The mutations in presenilin 1 (PSEN1), presenilin 2 (PSEN2) and amyloid precursor protein (APP) that are associated with autosomal dominant Alzheimer's disease have very high penetrance (near 100%). This study will target individuals who are either known to have a disease-causing mutation or who are at risk for such a mutation (the child or sibling of a proband with a known mutation) and unaware of their genetic status. Because the age at onset of cognitive changes is relatively consistent within each family and with each mutation (Ryman et al., 2014), an age at onset is determined for each affected parent or mutation. This study will enroll subjects who are either asymptomatic and are within a specific window of time of expected age of onset for their family and/or mutation or who have symptoms of mild Alzheimer's disease.

The ability to identify individuals destined to develop Alzheimer's disease (AD) within the next 10-15 years with a high degree of confidence provides a unique opportunity to assess the efficacy of therapies at asymptomatic and very early stages of dementia. Although there are differences between dominantly inherited AD and the more common age-associated sporadic disease, the results of the early intervention in this study will have implications for future studies and treatments in sporadic AD. Families with known disease-causing mutations are extremely rare and are geographically dispersed throughout the world.

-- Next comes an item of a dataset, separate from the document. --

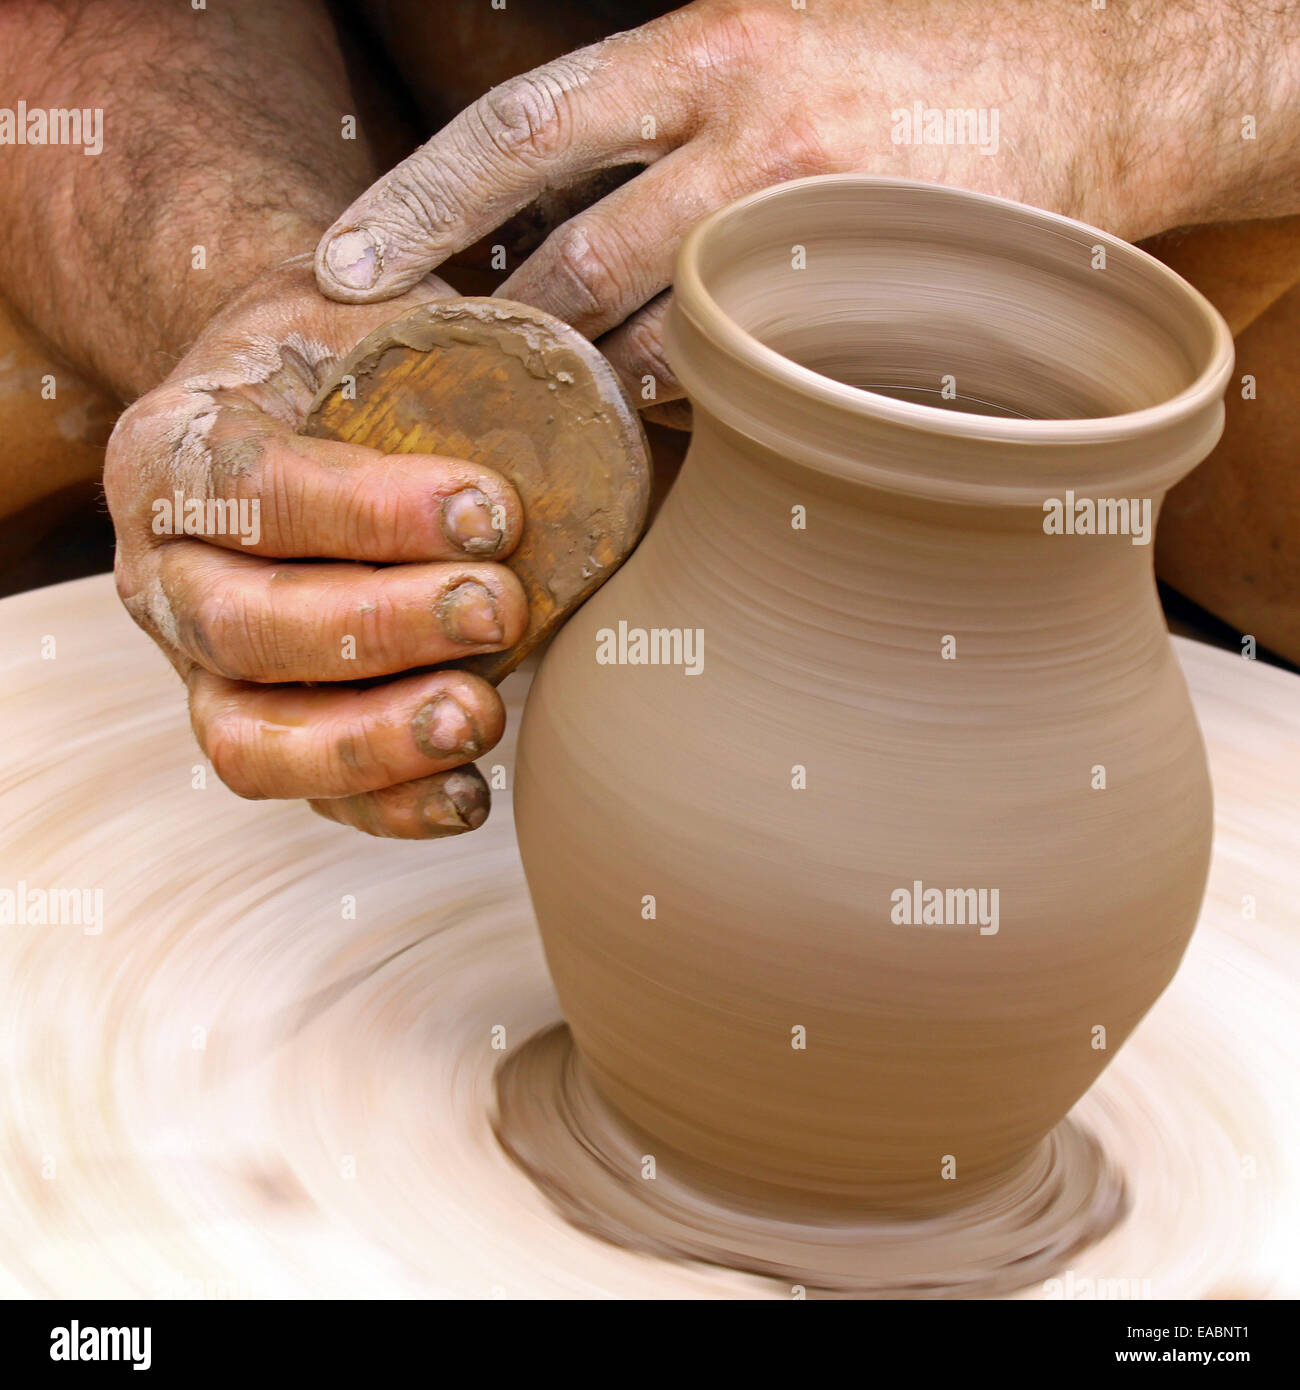 Potter Makes on the Pottery Wheel Clay Pot. Hands of the Master Close-up  during Work Stock Image - Image of shape, kickwheel: 225021903

These constraints necessitate a specialized study design. Many of the subjects in this study will not yet have any cognitive symptoms of AD; they will be "asymptomatic" carriers of mutations that cause Autosomal Dominant Alzheimer's disease and would be expected to perform normally on standard cognitive and functional testing. Imaging and fluid biomarkers will be used to demonstrate that the treatment compounds have engaged their therapeutic targets. A set of cognitive measures designed to assess the very earliest and most subtle cognitive changes will be collected. Additionally, because many at-risk individuals decide not to know whether they have the disease-associated mutation or not, some of the at-risk individuals enrolled in this study will not have the disease causing mutations; they will be "mutation negative". It is important to enroll non-carrier subjects to avoid coercion (e.g., potential subjects may be pressured into genetic testing to learn their genetic status in order to be eligible for the trial). These mutation negative individuals will be assigned to the placebo group; subjects and site study staff will remain blinded as to these individuals' active or placebo group assignment and mutation status. Thus, the study will be double blinded for placebo and for mutation status, except for mutation positive subjects who are aware of their genetic status. Two different therapies will be tested in order to increase the likelihood that an effective treatment will be discovered. They were selected for this trial based on mechanism of action and available data on efficacy and safety profile.

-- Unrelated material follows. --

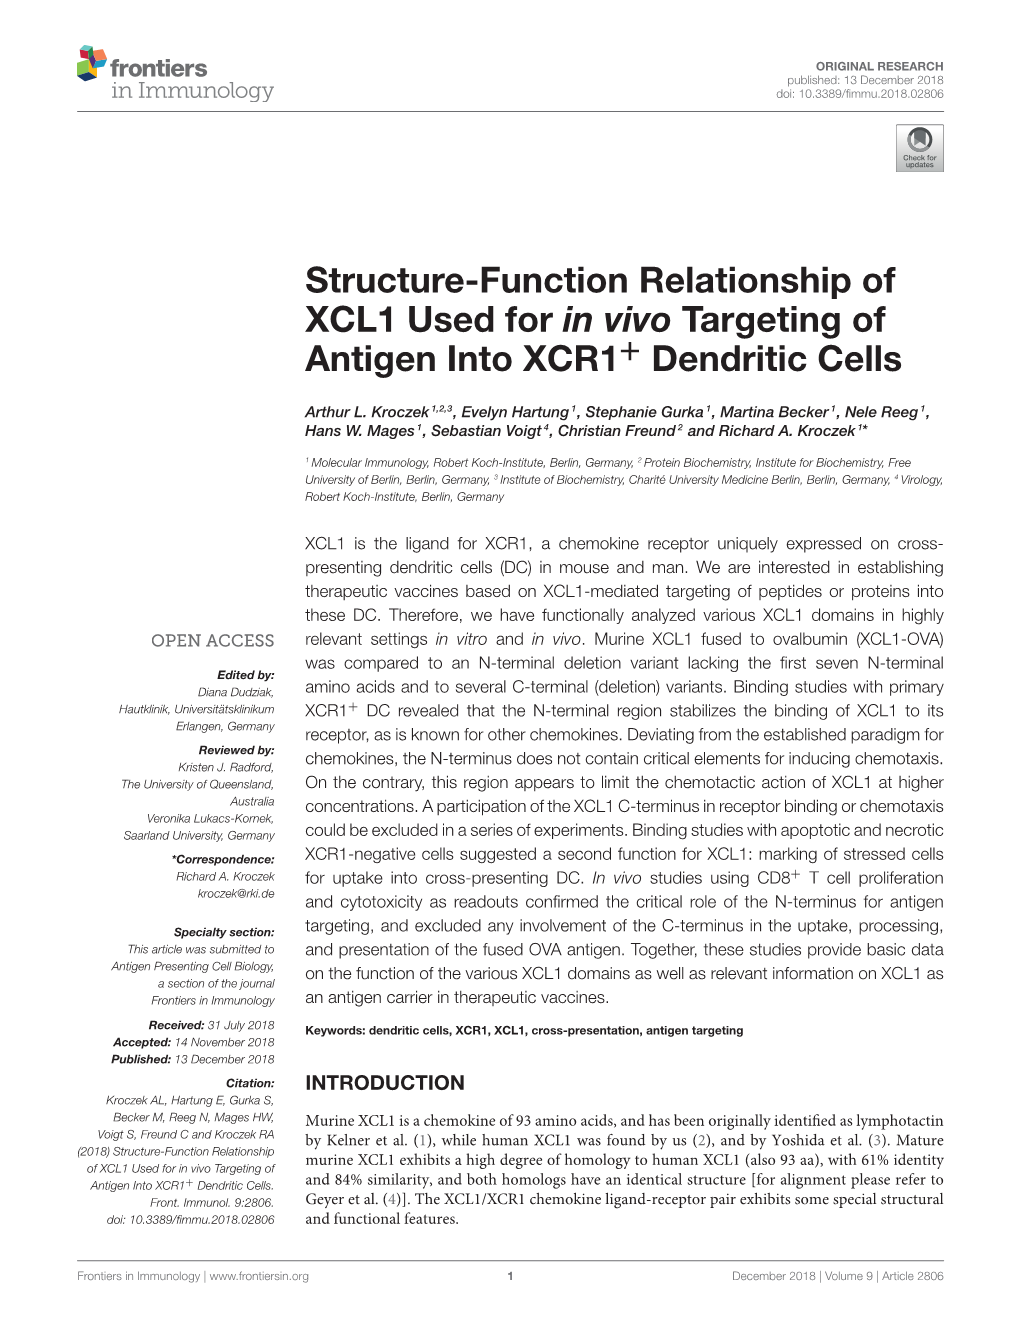 Structure-Function Relationship of XCL1 Used for in Vivo Targeting of Antigen Into XCR1+ Dendritic Cells

The study design includes a pooled placebo arm shared by all treatment groups. Mutation positive subjects will be randomized to one of the four study arms (gantenerumab:gantenerumab placebo:solanezumab:solanezumab placebo) in an overall 3:1:3:1 ratio for active drug:placebo. Mutation negative subjects will all receive placebo. Importantly, subjects and study staff will not be blinded as to which treatment group each subject has been assigned; they will be blinded as to whether subjects have been randomized to active drug or placebo arms. Biomarker data will be analyzed for prespecified endpoints consistent with the drug's mechanism of action and known effects on the tested biomarkers. The primary cognitive endpoint will be the same for both treatment arms. Interim analyses of the imaging or fluid biomarker endpoint will assess safety and whether each study drug engages its biological targets. This biomarker approach is particularly important in this study as most study subjects will be cognitively normal at the time of enrollment and most will remain cognitively normal during the first 2 years of the study. The cognitive composite is designed to assess subtle cognitive changes that may be detectable before the onset of dementia. The four year cognitive endpoint will allow for analysis of these subtle cognitive changes.